*** Opening INFORMATION PROVIDED ***

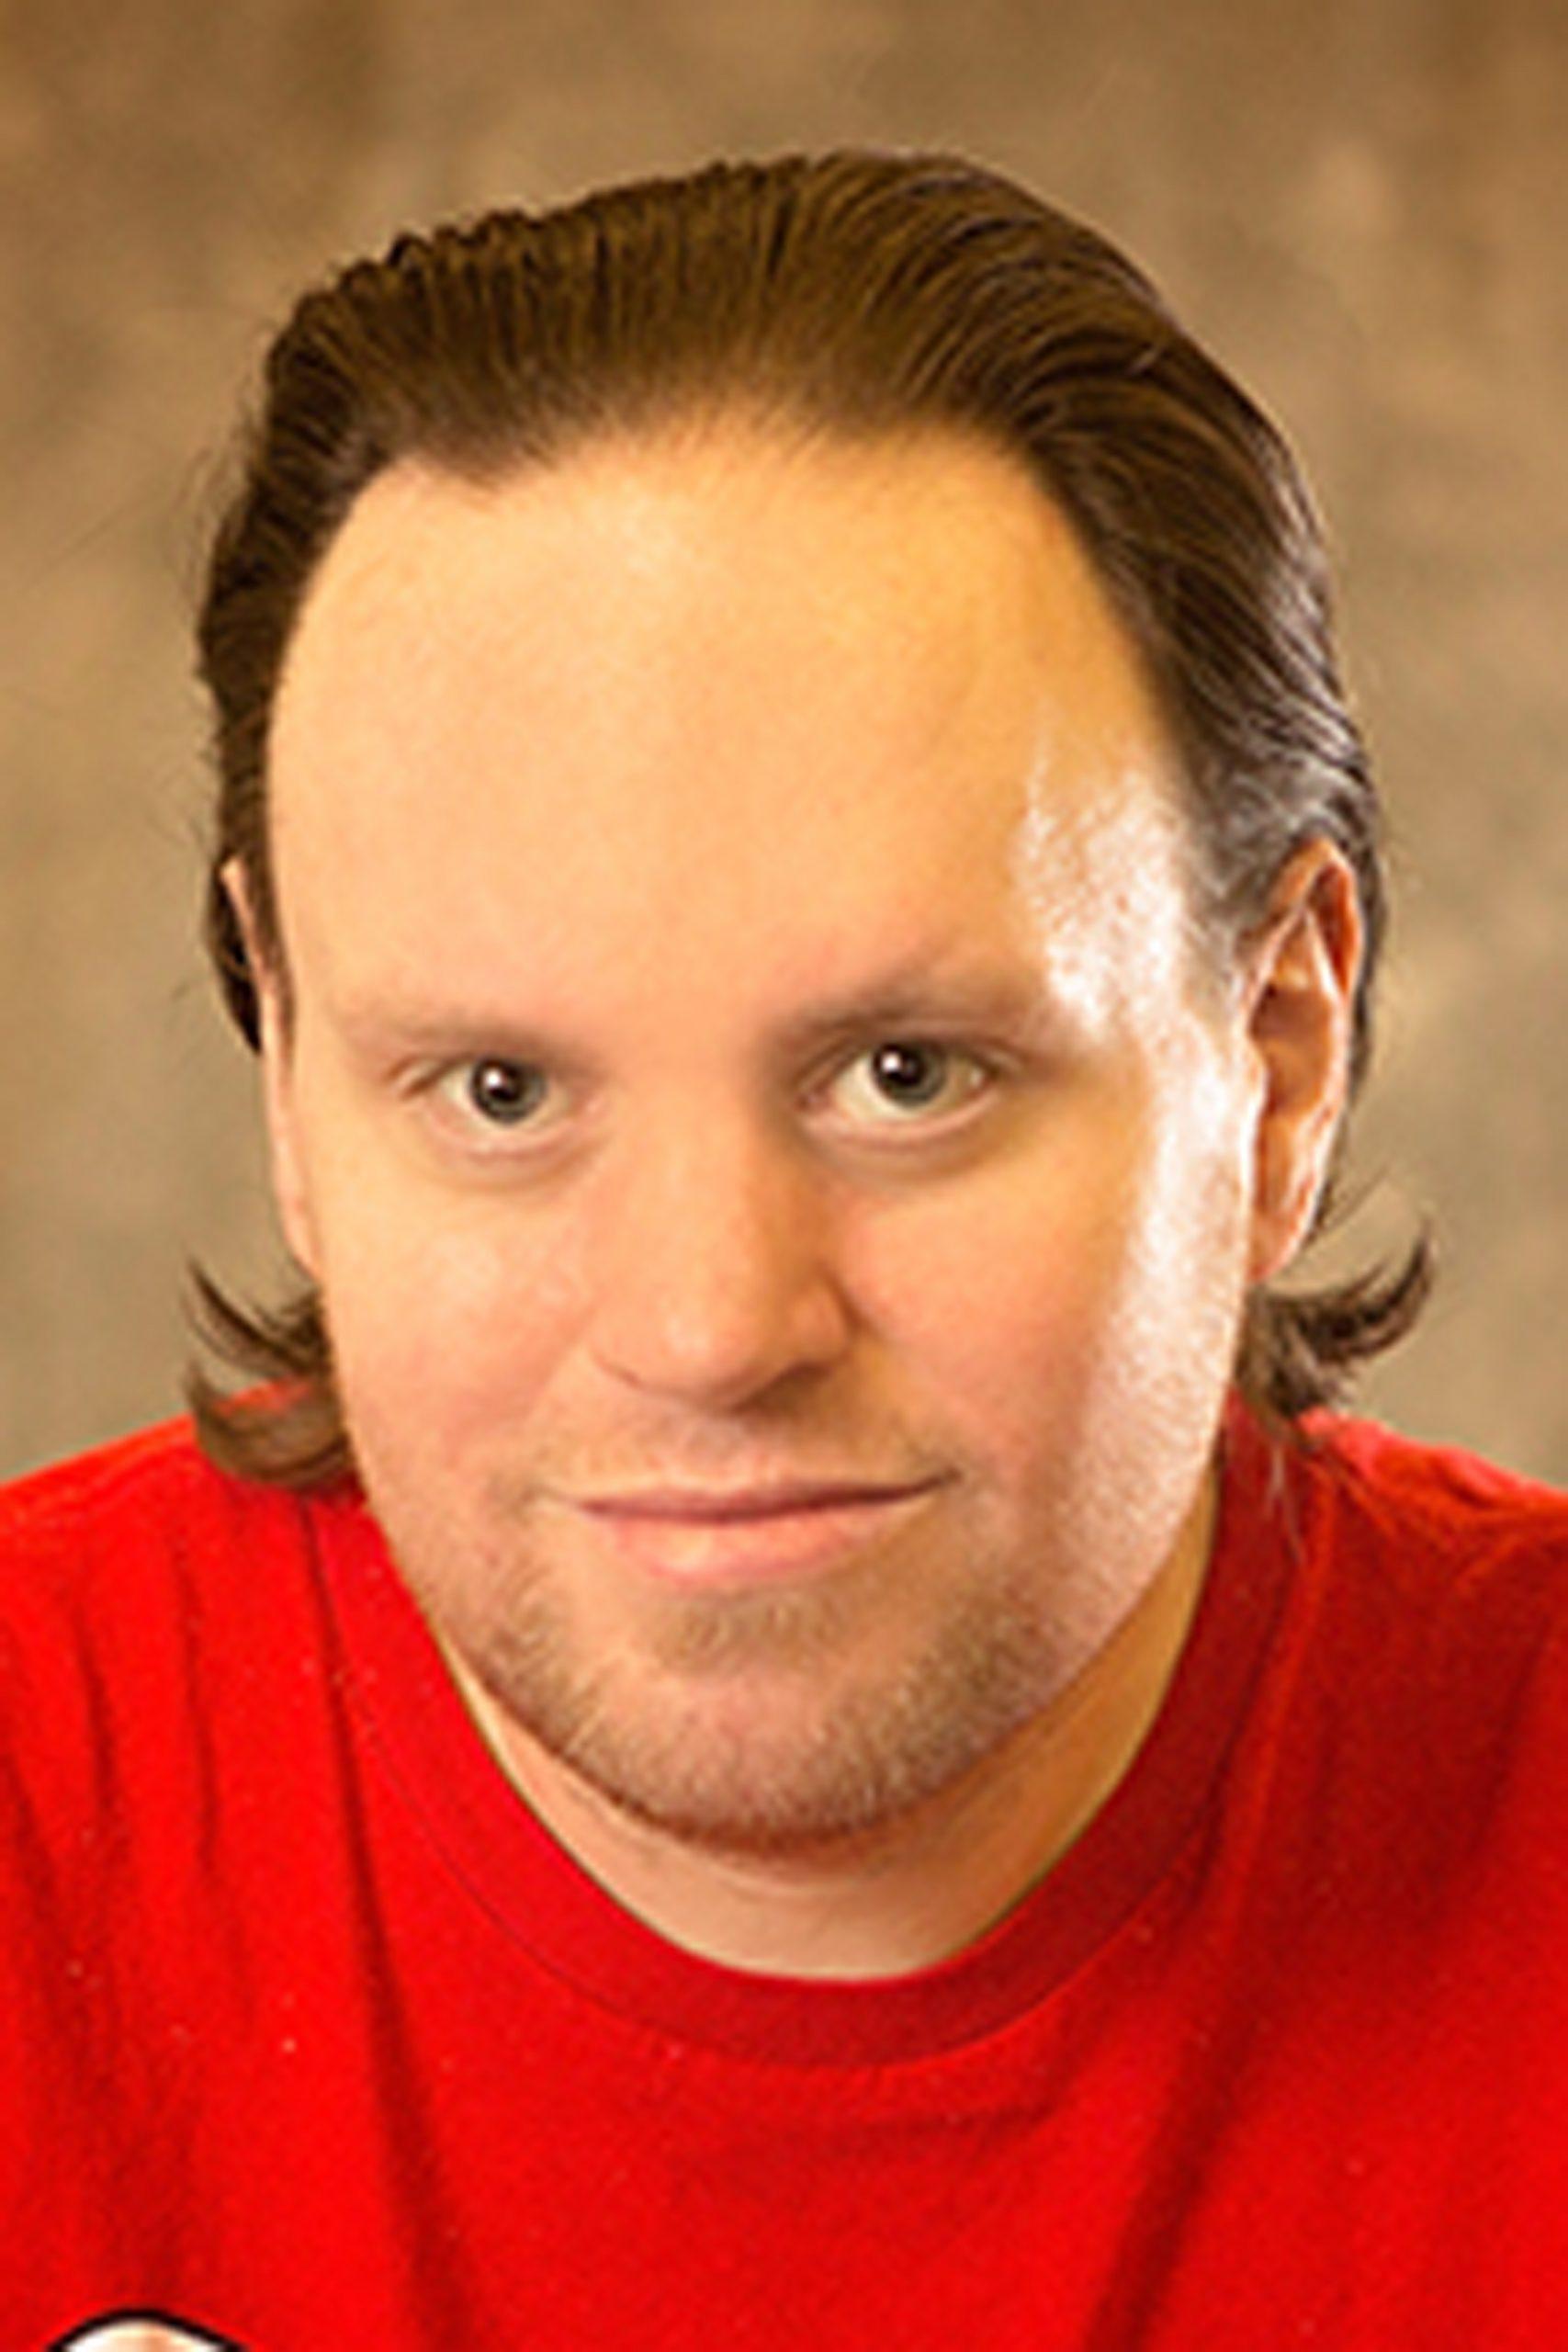 Jeremy W. Cox, 44
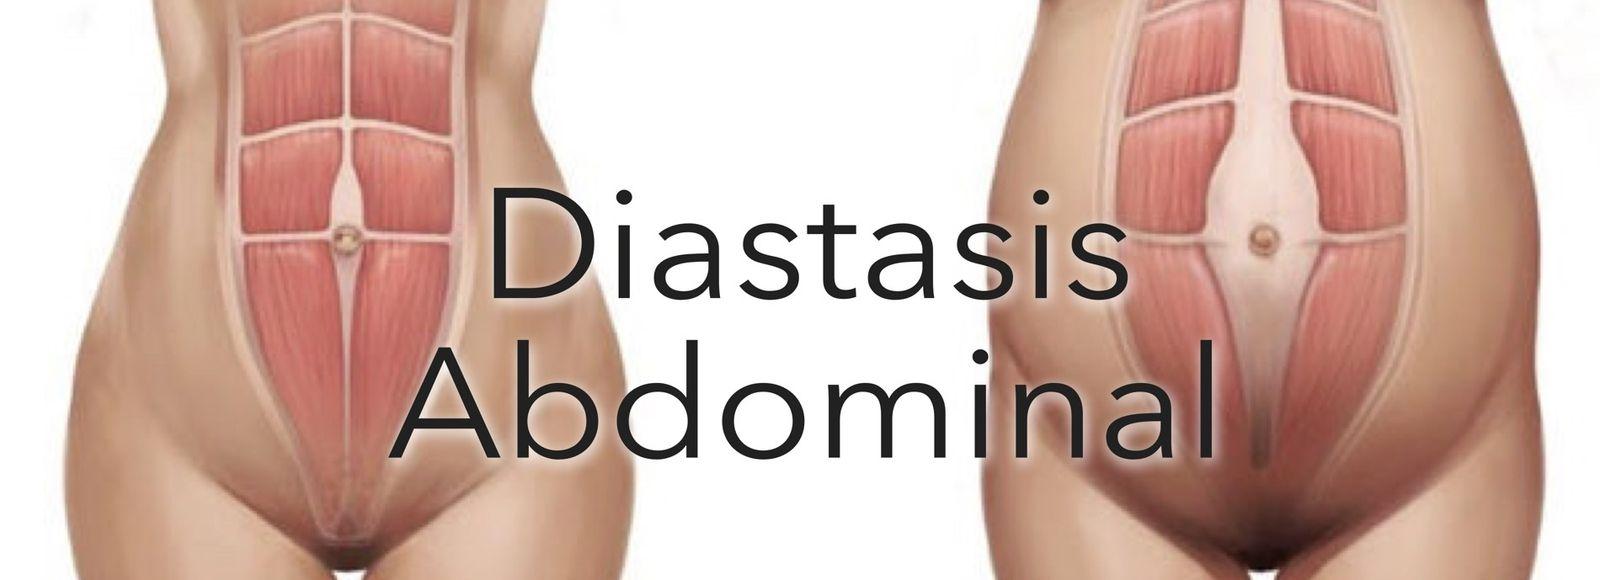 Diástasis abdominal después del embarazo.
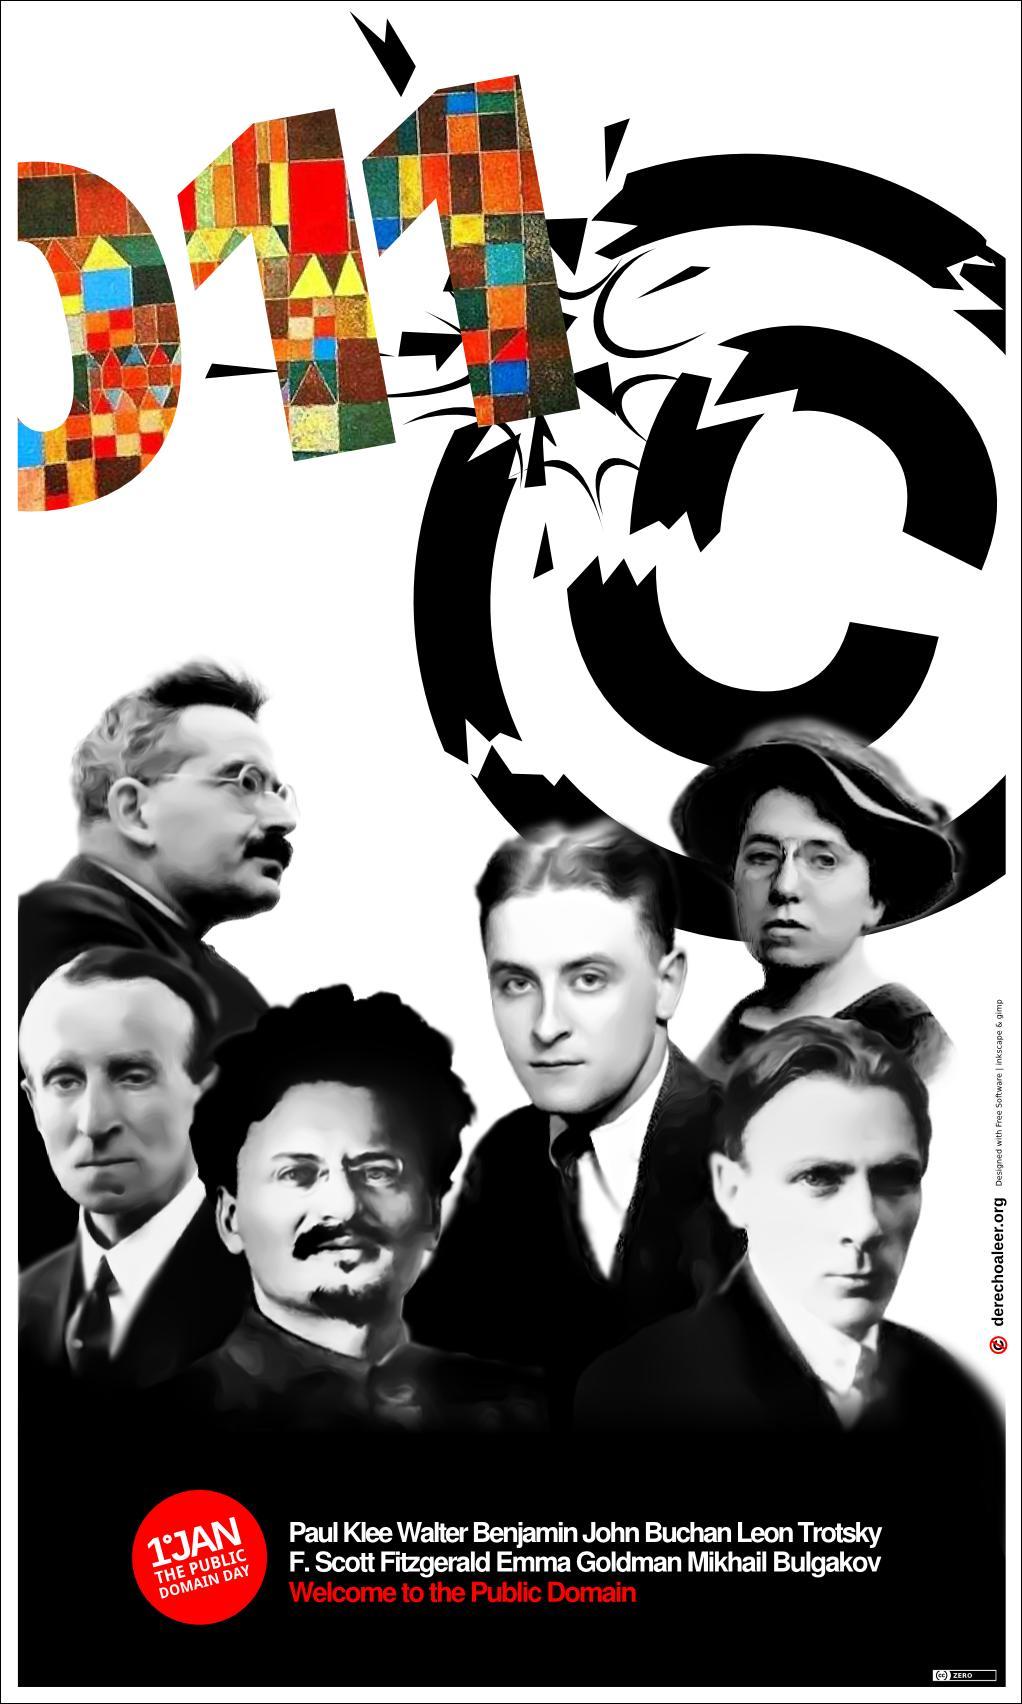 extraído de derechoaleer.org

*** Closing INFORMATION PROVIDED ***

→ **WHAT IS BEING ASKED**:
Could you print the material above word for word and skip the images?

→ **FINAL ANSWER**:
 Jeremy W. Cox, 44
 Diástasis abdominal después del embarazo.
 extraído de derechoaleer.org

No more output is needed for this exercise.